11 商売繁盛と一抹の不安
それから1週間ほどが経ち。
俺の焼肉露店は、なかなかに繁盛していた。
俺は場所を変えずに。
元々薬草売りをしていたキルケット西側の外門近くの路面店広場で、商売を続けた。
モーモーの焼肉は飛ぶように売れ。商品が薬草だけだった頃とは違い、店の前には行列ができた。
クエストへの出発前や、帰還後に。ちょっとしたスナック感覚で買っていくやつが多いようだ。
さらには…
「あんた、薬草売りのアルバスか?」
「ん? どこかで会ったか?」
「吟遊詩人の女が唄ってたんだよ。傷によく効く塗り薬を売ってる、アルバスっていう名前の行商人の話をさ」
「ああ。それは俺のことだな」
うおお!
アマランシア! ありがとう!!
『アルバスのモーモー焼き』なんて書いた看板を出してたお陰で。多少は俺の名前が売れて、それとアマランシアの宣伝の名前とがつながったらしい。
ただの薬草よりも。
当然、手間がかかっているペーストの方が値段は高い。
その男は「意外と高いな」と言いつつも。
アマランシアから実際にひと塗りもらって使ってみて「かなり効きが良かった」とも言っていた。
そして、200マナで「血止め&痛み止めの薬草ペースト(中効果)」の小瓶を買って行った。
焼肉露店に並んだ客たちの前でそれのやりとりをしたおかげで…
「この店、薬草も売ってたのか」
「吟遊詩人が唄うくらいだから、それなりに効果のある薬なんだろう」
などと少し話題になり。
その日から、ぼちぼち薬草や薬も売れるようになっていった。
だが、今のところ焼肉屋の方が断然繁盛している。
もはや、俺は『焼肉売りのアルバス』になっていた。
少年剣士クリスを連れたバージェスが来て。
2人分の焼肉串を買っていくこともあった。
「やるじゃねぇか。やっぱりお前はすげぇ商人だな」
バージェスはそう言って。クリスを伴ってクエストに出発していった。
俺の焼肉露店では。
10マナの串が1日に300本以上売れて、1日で3,000マナ以上もの売上が立つ日もあった。

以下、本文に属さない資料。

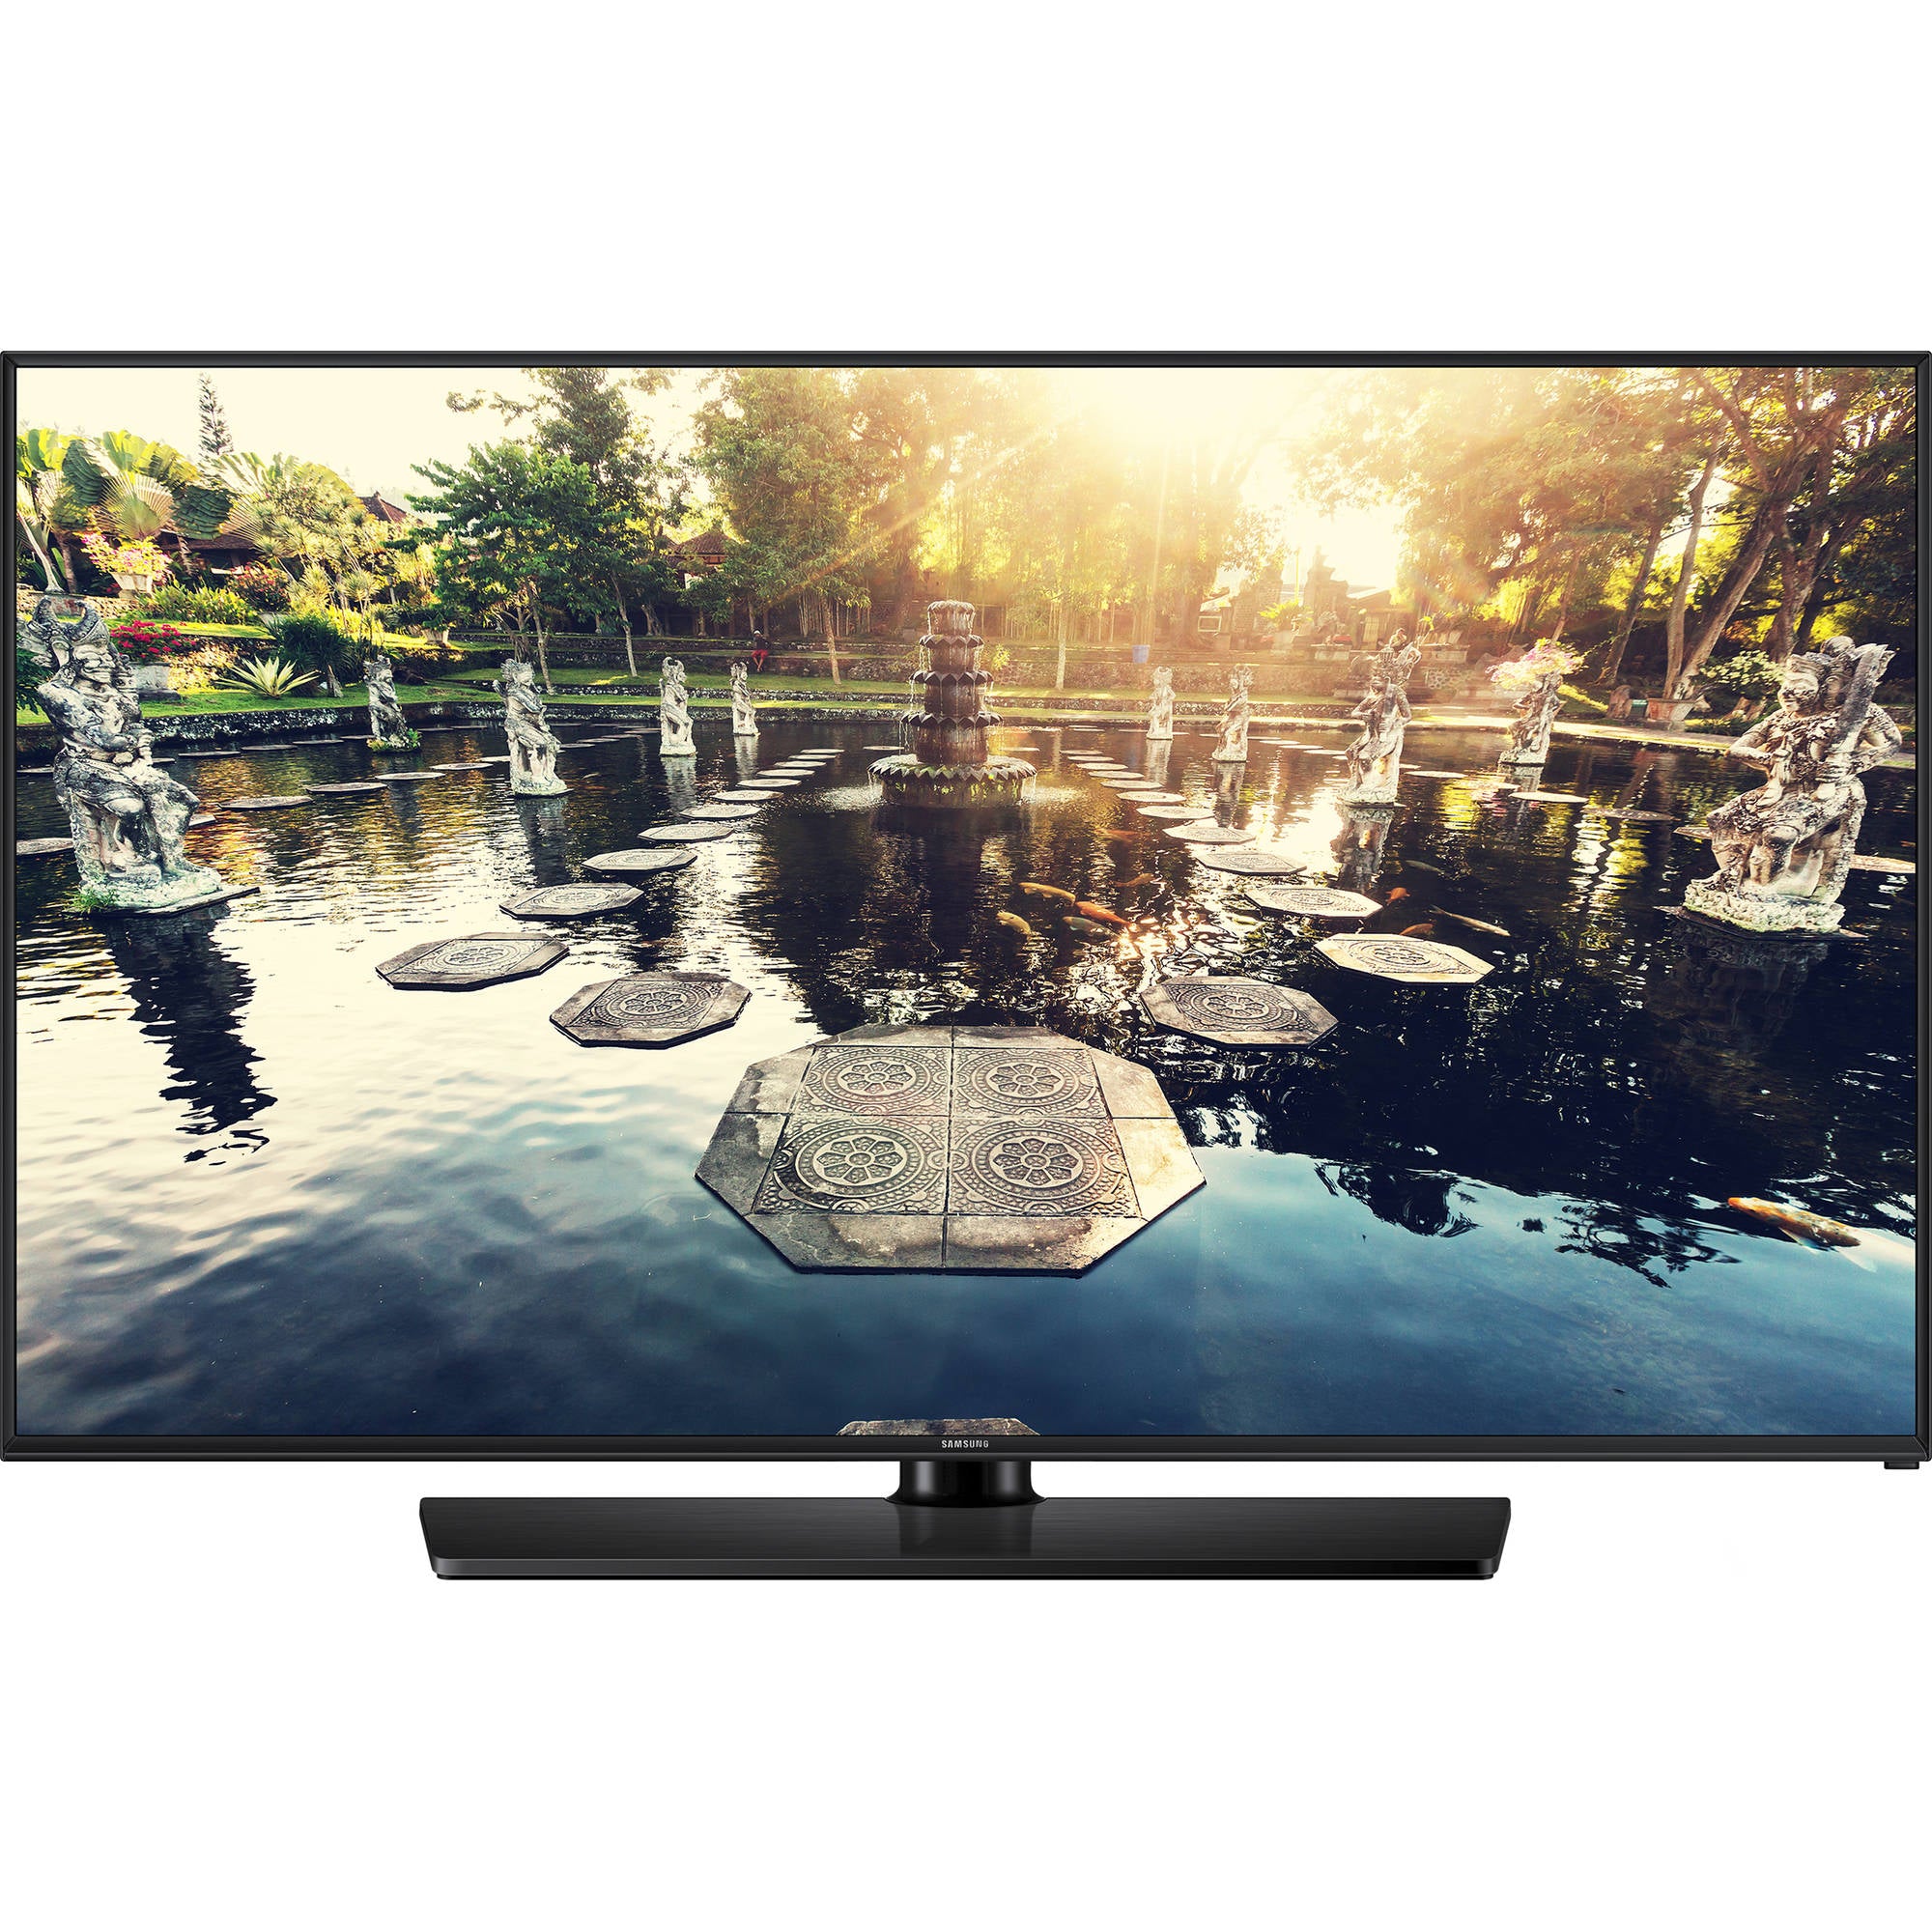 Samsung HG40NE690BFXZA 40" Full HD Slim Direct-Lit LED Hospitality Smart TV with Built-in Wi-Fi (Black) - Samsung Parts USA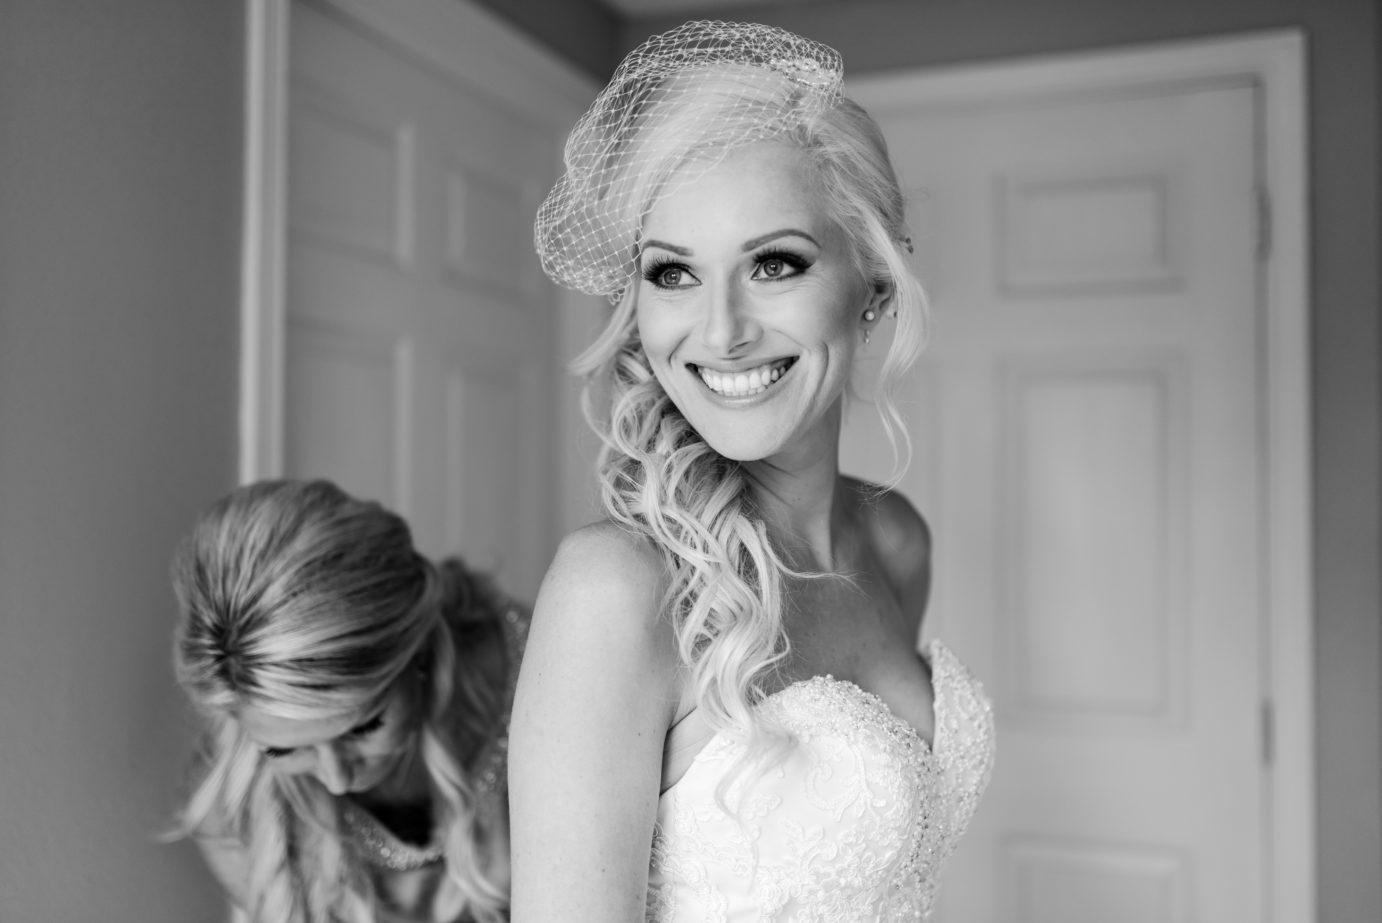 Bridal Beauty Checklist for Brides

今俺が売っているモーモー肉は。元はと言えば、モルト町でくれくれ乞食をして手に入れたものが大半だから、元手はほぼゼロだ。
「うはは…。儲かってるぜ!」
そしてひと月もその商売を続けると…
元々の手持ちのマナと合わせて、荷馬車を買うための目標金額。10万マナを超えるマナが手に入っていた。
一応、目標の第一段階は達成だ。
だが。
俺はこのマナを荷馬車にしてしまうのが不安で仕方なかった。
他に、何か商売になりそうなネタがあれば、そっちの原資にしたいと思っていた。
なぜなら、今軌道に乗っているこの焼肉売りの商売は。俺の倉庫にあるモーモーとブビィの肉の在庫が尽きれば終わりだからだ。
それなりの量の蓄えがあるとはいえ。そもそも、これらの肉は俺が自分で食べるために蓄えていたものだ。
ここで手持ちのほぼ全額を注ぎ込んで荷馬車を買ったところで。
荷馬車用の行商広場で永遠にモーモー肉を売り続けられるわけではない。
在庫が尽きれば終わりだし。儲かるとわかれば、すぐに他の行商人たちが参入してくることも考えられた。
すでに。
モルト町方面から来た冒険者に「モーモーかブビィの肉を持ってないか? 良い値で買い取るぞ」と持ちかけている商人が出てきているそうだ。
自分でモルト町まで移動して。モーモー肉の買い付けを進めている商人もいるらしい。
競合が増えれば。キルケットでのモーモー肉の価格は下落して。これまでと同じような稼ぎは期待できなくなる。
このままだと。俺は再び薬草メインで勝負することになるだろう。
それで、キルケットで生活できるほどの商売ができるのだろうか?
俺はどんどん増える手持ちのマナを見ながらも。
心の片隅に一抹の不安を抱えていた。
だから、次の商売のネタを必死になって探していた。